Israel would like the world to believe that Marwan Barghouthi is a murderer but his real crime is leading an effective campaign against Israel’s military occupation between 2000 and 2002. Most of the Palestinians Israel is holding are either totally innocent and do not know why they are being held, or they are only there because they have taken part in resistance activities against the Israeli occupation. Armed resistance to occupation is a right enshrined in international law; Palestinian resistance is, however, often entirely non-violent civil protest and completely peaceful. Israel’s definition of security, its eternal justification for holding Palestinian prisoners, is so broad that it doesn’t even give the Palestinians the most basic rights of free speech and free association.

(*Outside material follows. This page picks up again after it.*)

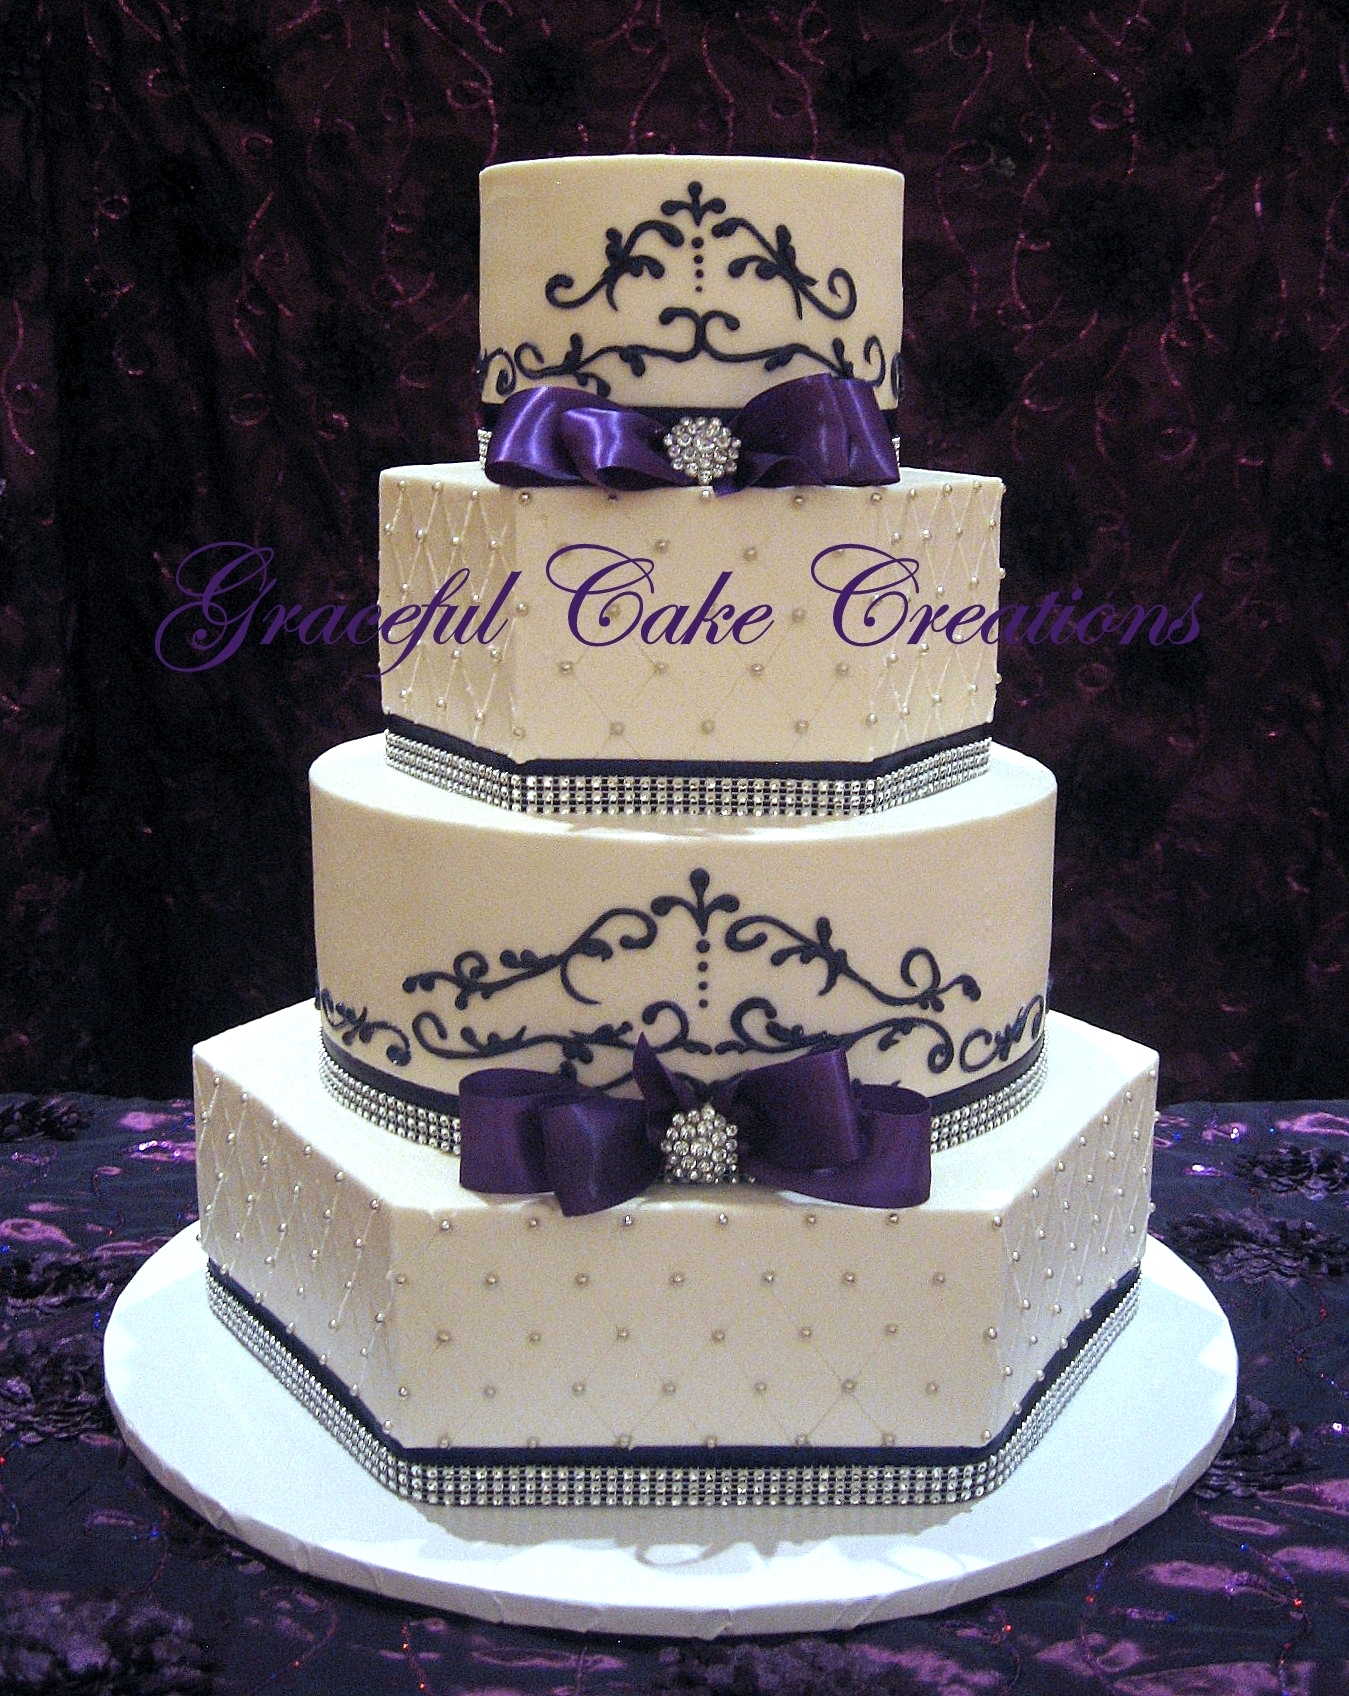 Elegant White and Purple Wedding Cake

As one Israeli observer noted, were such measures to be applied to the Israeli public, half of the governing Likud party would be in jail.

It is time for the international community to stand up to Israel’s illegal and unjustified detention of thousands of Palestinians. The world quite rightly took note of and protested about the detention of Nelson Mandela in apartheid South Africa, and the detention of Aung San Suu Kyi in Burma. The Palestinians in Israeli jails are there for the same reason that these leaders were imprisoned in their respective countries; they too refuse to live under tyranny and oppression. Why, then, should Palestinians be less deserving of the world’s support for their freedom?

The views expressed in this article belong to the author and do not necessarily reflect the editorial policy of Middle East Monitor.